> _EXTRACTED RECORDS_
***
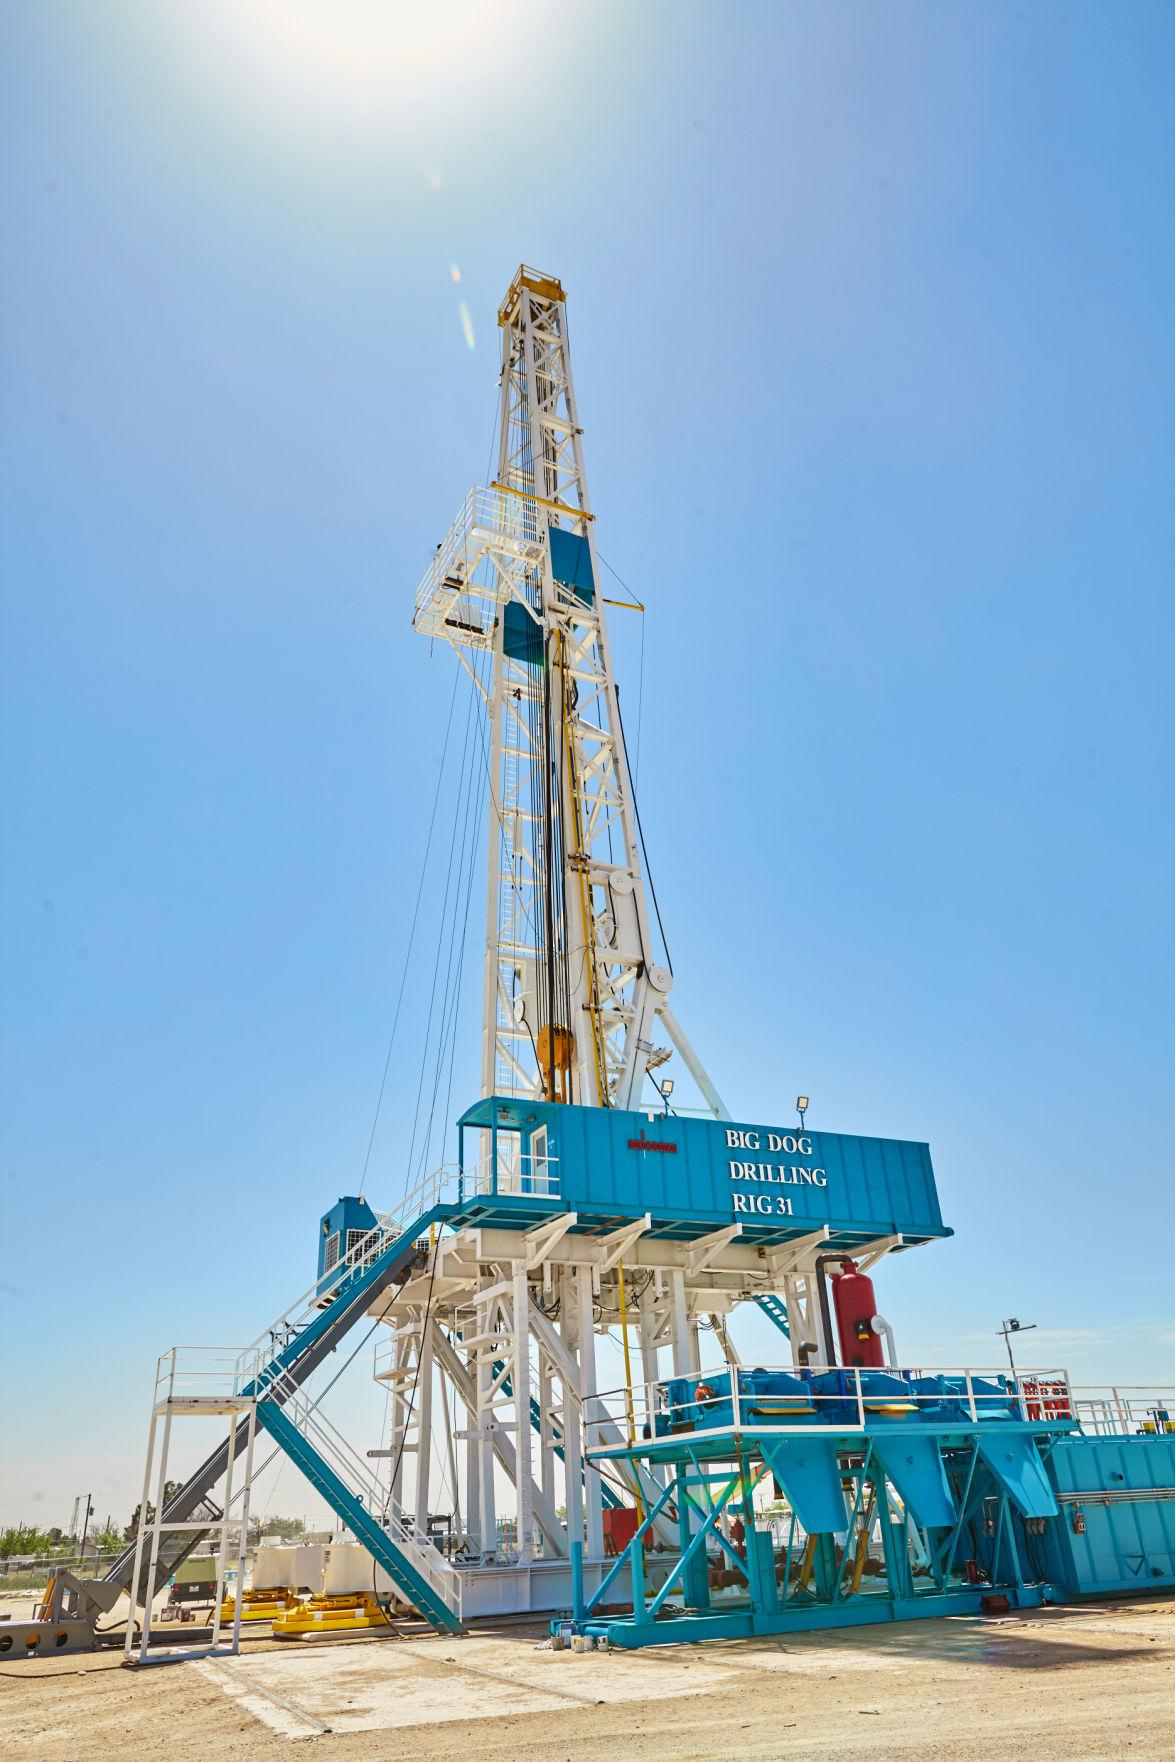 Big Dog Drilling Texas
***
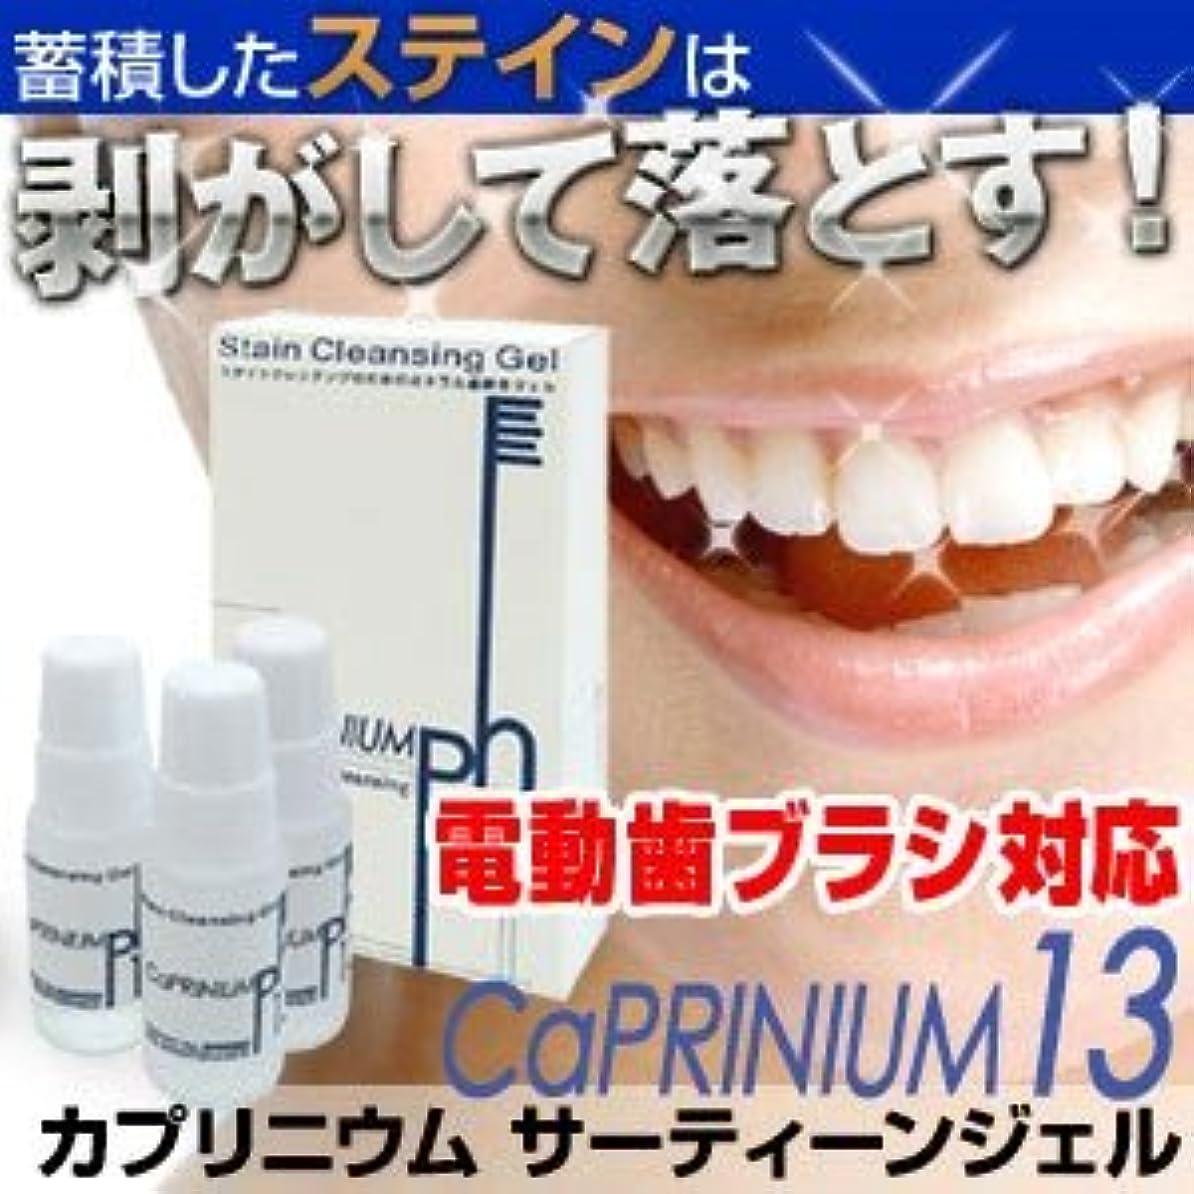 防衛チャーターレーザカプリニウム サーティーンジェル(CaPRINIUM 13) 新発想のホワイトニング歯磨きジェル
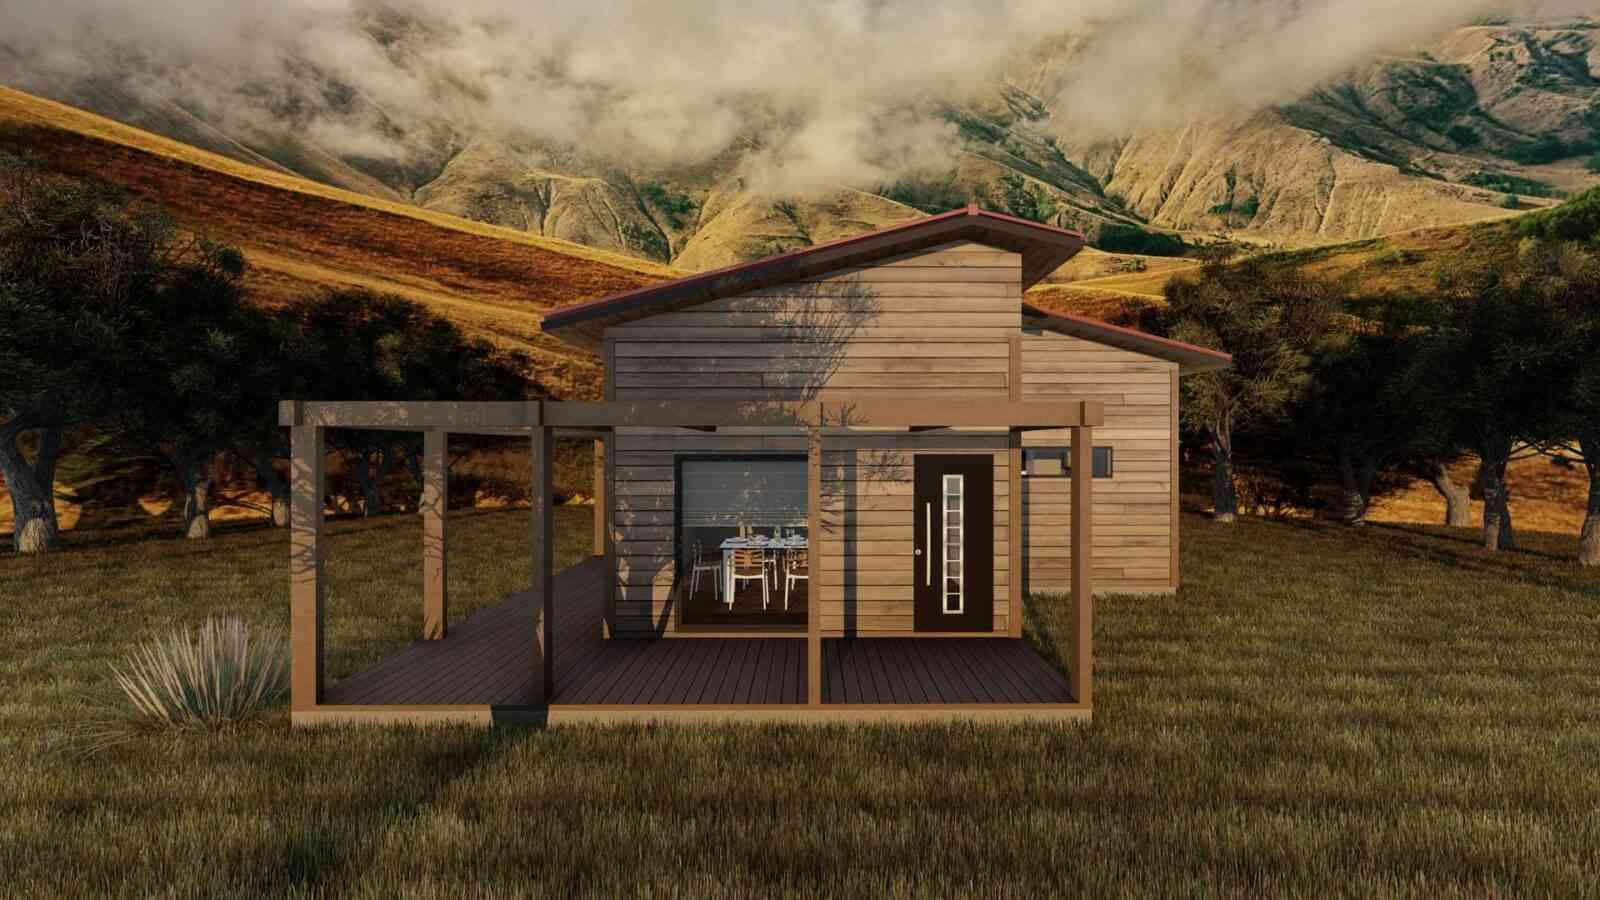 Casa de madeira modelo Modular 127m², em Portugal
***
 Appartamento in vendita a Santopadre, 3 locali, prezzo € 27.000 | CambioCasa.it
***
> _WHAT TO DO_
Start with the line above containing "防衛チャーターレーザカプリニウム サーティーンジェル(CaPRINIUM 13)" and end with the line containing "Casa de madeira". Set down that stretch exactly, without any pictures.

> _ANSWER SPACE_
 防衛チャーターレーザカプリニウム サーティーンジェル(CaPRINIUM 13) 新発想のホワイトニング歯磨きジェル
 Casa de madeira modelo Modular 127m², em Portugal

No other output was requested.